M.A. Kerin and T.J. Stonharn
Synopsis
A new architecture for unsupervised learning based on digital neural networks is proposed. The system lends itself easily to hardware implementation and its ability to successfully cluster real world data in real time is demonstrated. Performance levels are contrasted with those of existing methods to illustrate the new systems improved characteristics.
Key words:
Neural networks, self-organisation, digital neural models.
1. Introduction
The degree to which any intelligent machine can cope with an unpredictable and constantly changing environment, determines the level of autonomy it can realistically achieve. This in turn determines the range of real world tasks for which it will be suitable.

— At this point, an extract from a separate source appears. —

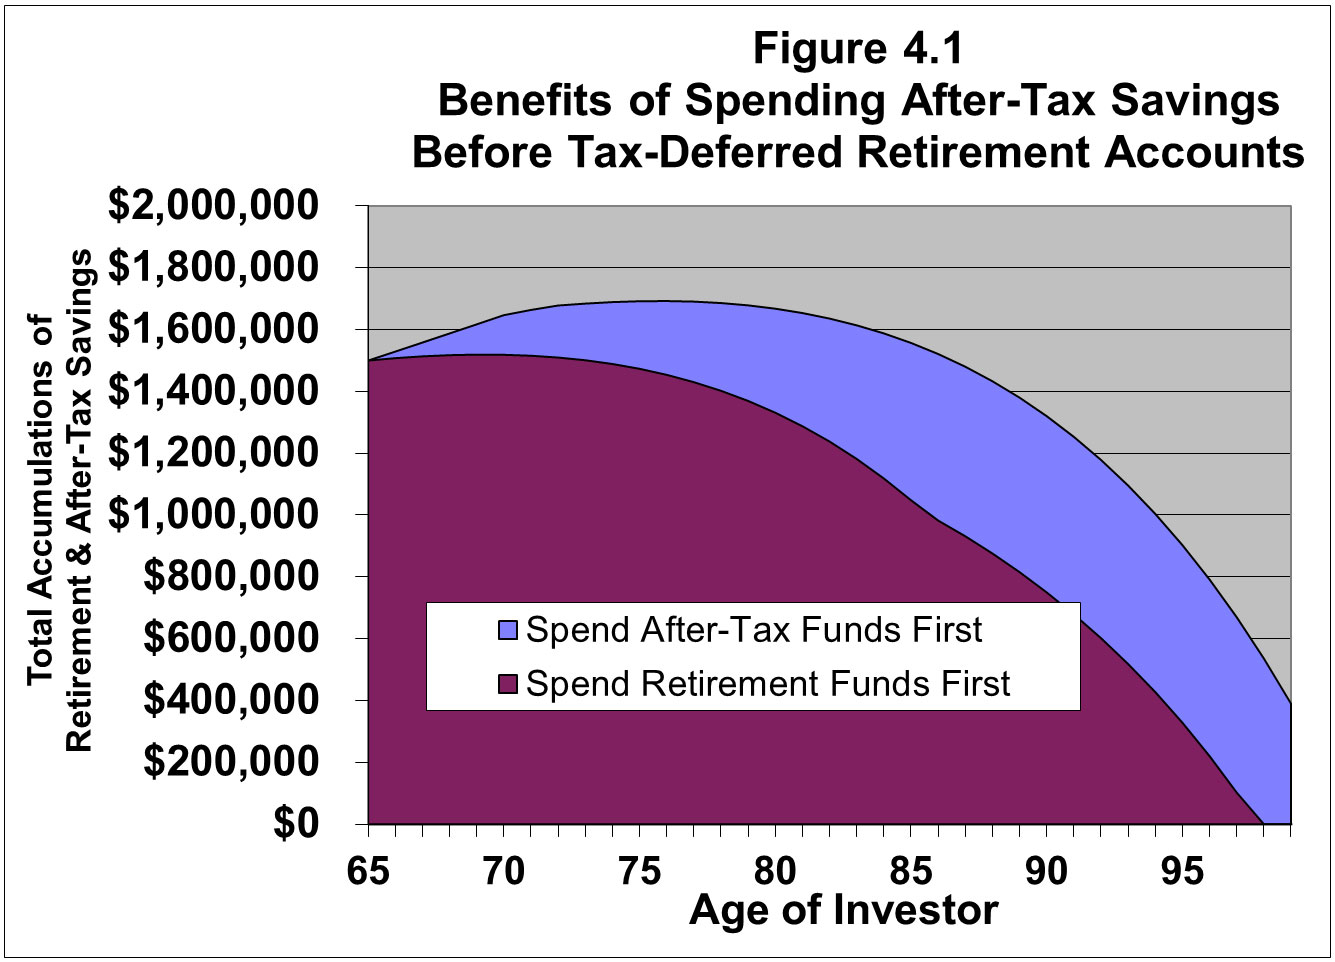 Should I take my Social Security benefits now or spend my retirement savings and apply and suspend?

For neural networks to fulfil their potential as a basis for autonomous systems, they must possess the ability to deal with novel experiences in a logical manner; extracting and learning relevant information from such occurrences so that they will be better equipped to deal with similar events in the future. Yet this process must be achieved without the aid of an external teacher and in such a manner that prior knowledge is complemented, not lost. Systems capable of such behaviour are said to be 'self-organising', or to perform 'unsupervised learning', and their development is a well established area of neural network research. Several architectures exist (e.g., Kohonen (1982), Carpenter & Grossberg (1987)) which will automatically categorise patterns presented to them. However the majority of such models use analogue nodes, which are difficult to implement in hardware. This paper introduces a new self-organising system based on digital nodes. Such nodes are easily realised using standard components and their fundamentally different methods of operation can result in useful characteristics.